The Accounting for People 2.0 Task Force will be launched in mid-October in London along with a Human Capital Handbook 2011. Further details can be found via Google, including the opportunity to participate via the now-obligatory social-networking mechanism. In parallel, the UK Commission for Employment and Skills recently commissioned a feasibility study of human capital reporting, while at the beginning of August the Department of Business, Innovation and Skills announced that it was revisiting the case for extended narrative reporting. This is also unfinished business in the UK context following the sudden abandonment of new Operating and Financial Review requirements in December 2005. If these initiatives bear (cr)edible fruit in the coming months and years, the UK will finally have caught up with those countries that have played a vanguard role in promoting accounting for people in the past decade and half. So, watch this space.

Planning for the April 2011 Edinburgh Conference continues. The event will be held in collaboration with Emerald Group and the recently created Centre for Research on Work and Wellbeing (CRoWW) at Heriot-Watt University, Edinburgh. I am delighted to confirm the participation of two eminent contributors to the field, Eric Flamholtz and Ulf Johanson, at the event. Now, a Professor Emeritus at UCLA’s Anderson School of Management, Eric is acknowledged as the founder of human resource accounting in the late 1960s and the author of three editions of its core research monograph, together with scores of academic papers.
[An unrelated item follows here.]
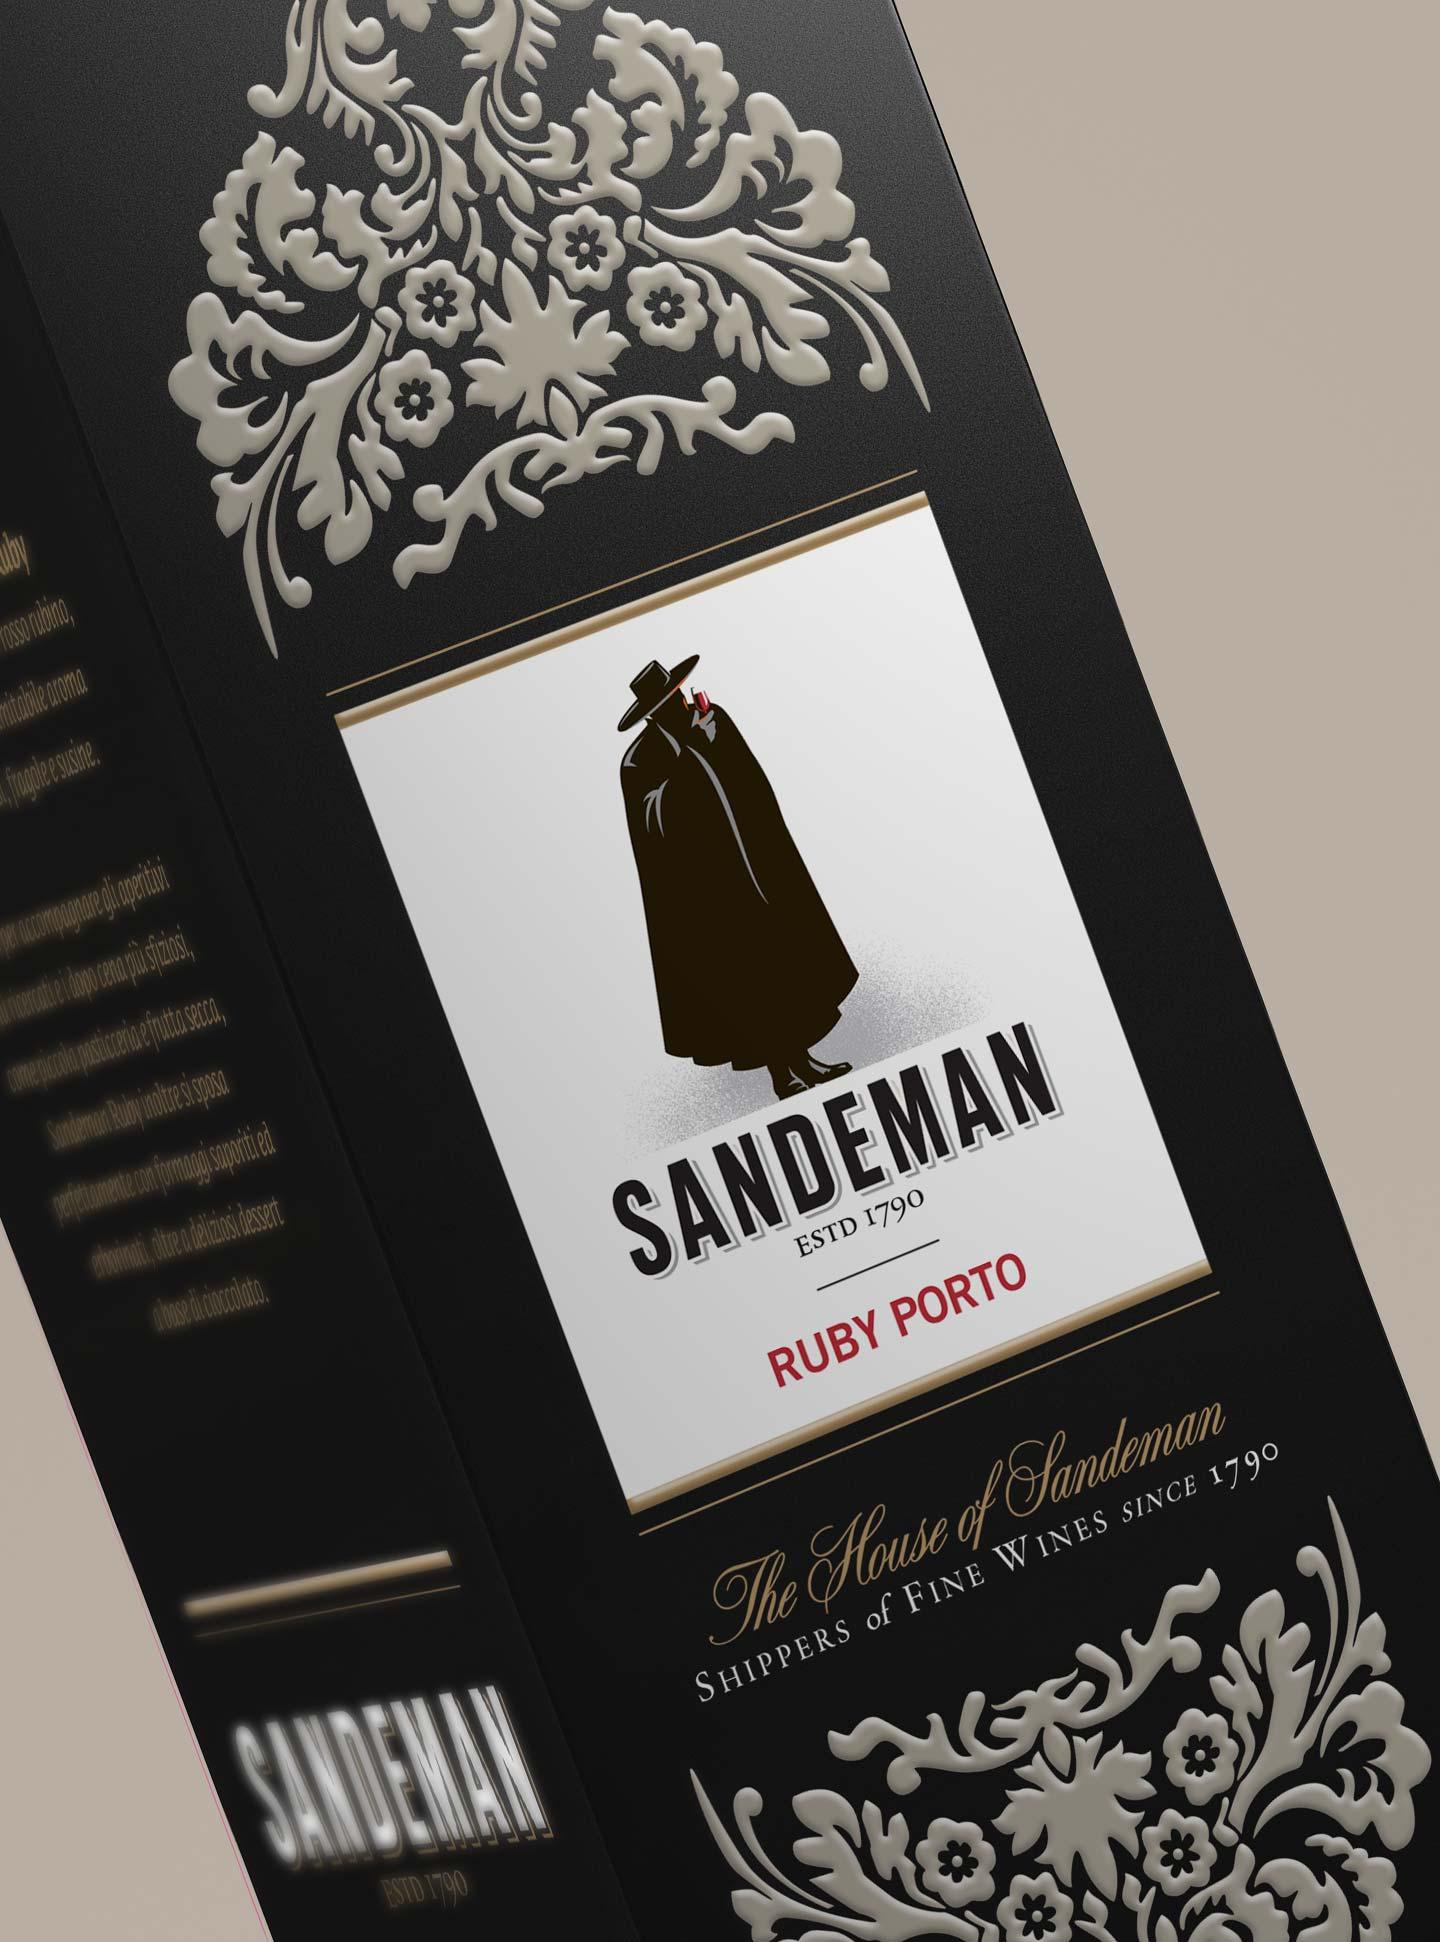 Sandeman

Ulf was the founding Editor of the Journal of Human Resource Costing & Accounting in 1996 at Stockholm Business School. Together with the late Jan-Erik Grojer he pioneered the human resource costing and accounting approach in Scandinavia in the 1980s and 1990s, which provides the link between human resource accounting and intellectual capital. Updated details of the event can be found on the journal’s web site.
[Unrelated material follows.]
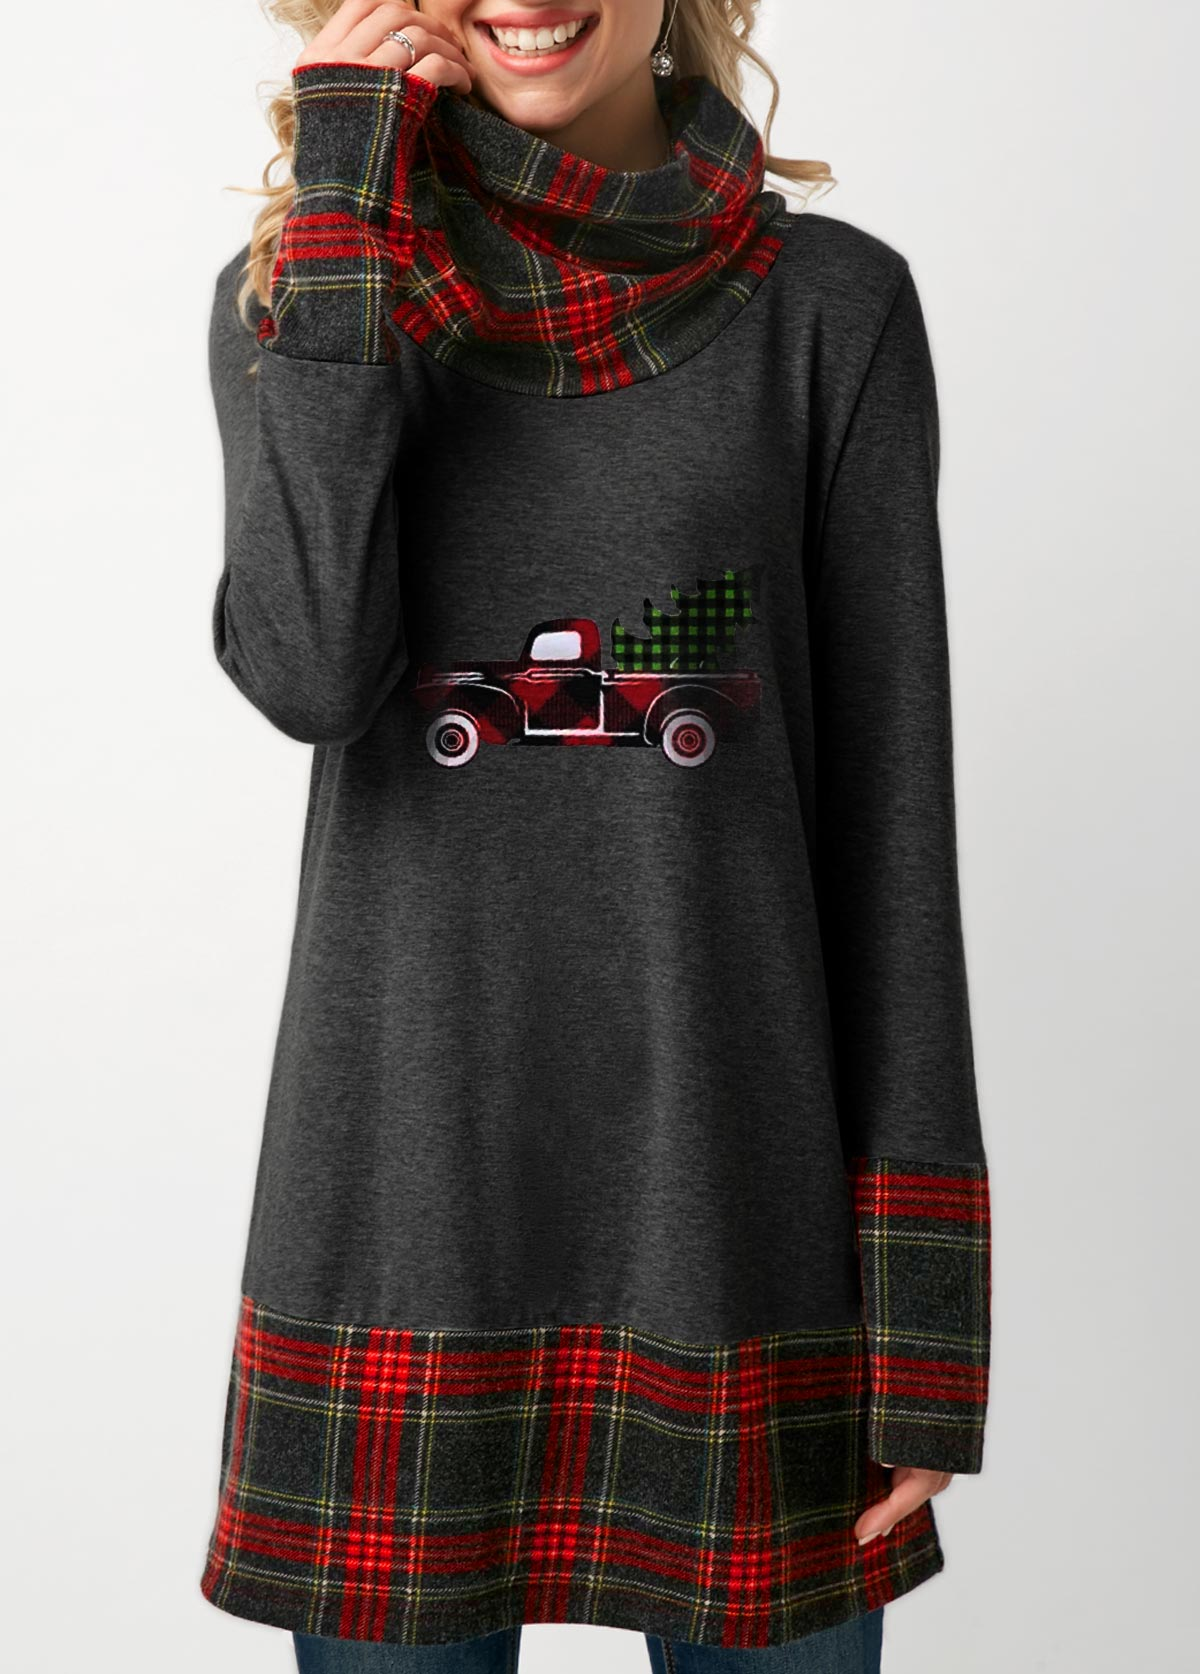 Plaid Print Long Sleeve Dark Grey Christmas T Shirt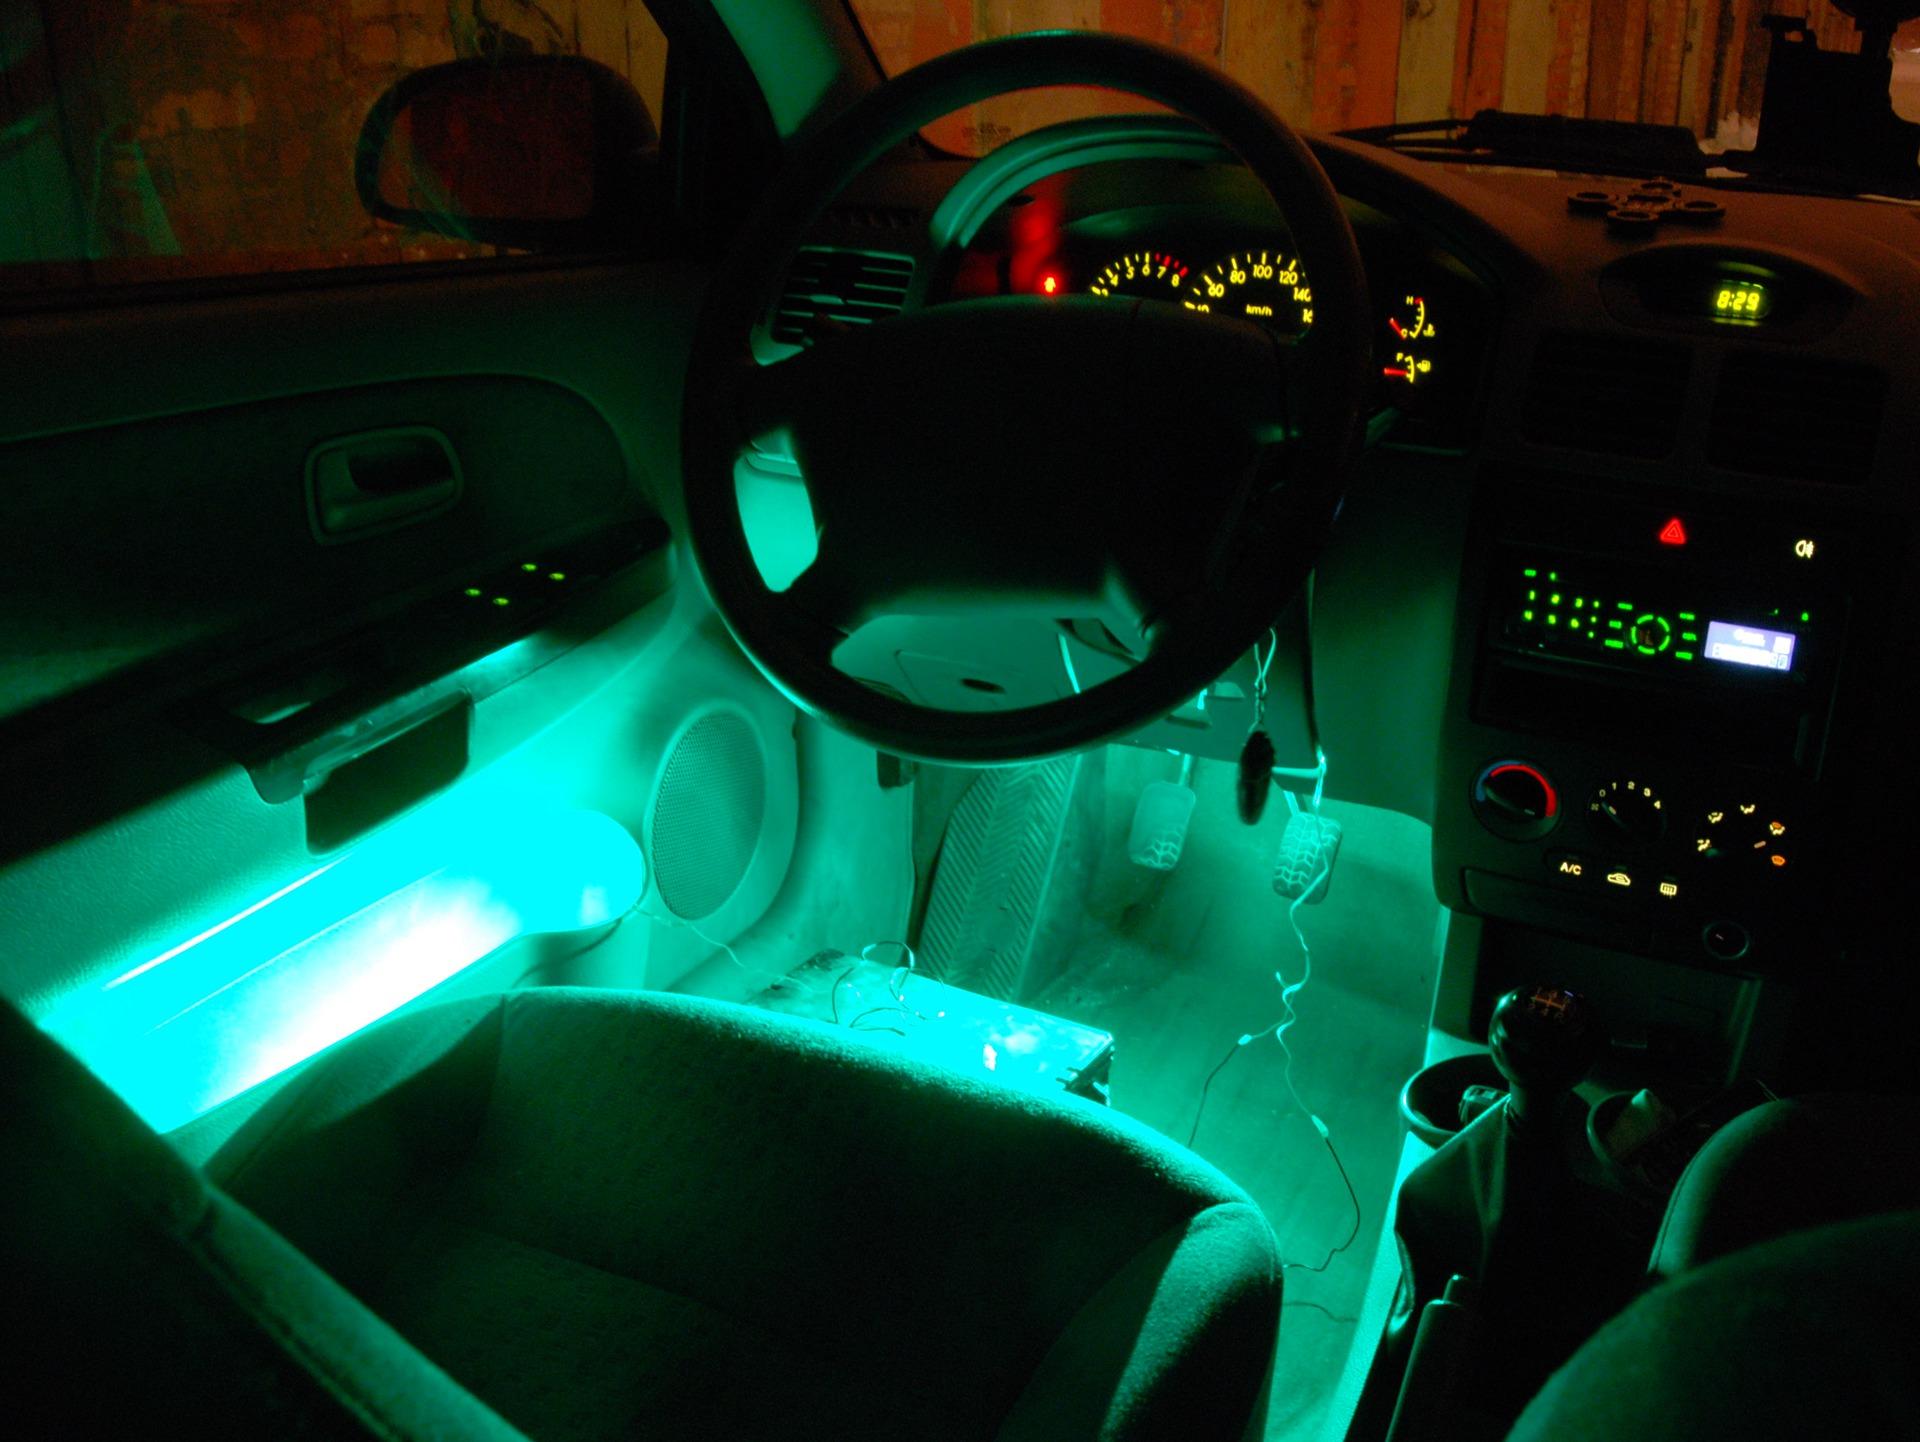 Тюнинг подсветки салона авто своими руками

The three papers in the present issue once again confirm the human resource costing and accounting concept’s continuing relevance globally. Recent years have seen a resurgence in interest in human resource accounting on the Indian subcontinent. Naveed Iqbal Chaudhry and Muhammad Azam Roomi’s paper outlines the findings of an exploratory study of human capital development in the Pakistani textile manufacturing sector. Companies investing in their employees are found to experience higher levels of productivity and similar improvements in organisational performance. Being among the first such studies within Pakistan, the authors believe their work provides a sound basis on which to pursue a range of replication studies as well as encouraging increased investment in employee training and development initiatives.

The paper by Subhash Abhayawansa and James Guthrie provides a comprehensive, highly accessible review of the literature on the importance of intellectual capital information to the capital market. This was one of the topics that was instrumental in catalysing the development of the intellectual capital field in the mid-1990s, as the “hidden value” associated with rising stocks of intellectual capital within enterprises were seen as a potential threat to the efficient performance of the global capital market in some quarters. Unlike previous reviews, this paper organises the literature by research design.
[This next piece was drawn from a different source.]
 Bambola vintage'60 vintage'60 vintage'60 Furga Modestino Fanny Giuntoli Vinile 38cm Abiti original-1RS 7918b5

The final paper by Howard Kahn, Joanna E. Stevenson and myself revisits some of the findings of a recent study funded by the Institute of Chartered Accountants of Scotland, published in 2009 as Recognising Workforce Health as a Key Organisational Asset: A Study of Current Thinking and Practice. The responses of two samples of UK accounting and finance and human resource directors to a series of questions on health and wellbeing, viewed as a further key constituent of intellectual capital, are compared across private and public sector organisations. The views expressed by the human resource directors are found to be the most positive, although far from highly enthusiastic, while private sector accounting and finance directors exhibit only limited enthusiasm and in some cases considerable antipathy to the issues raised in the questionnaires.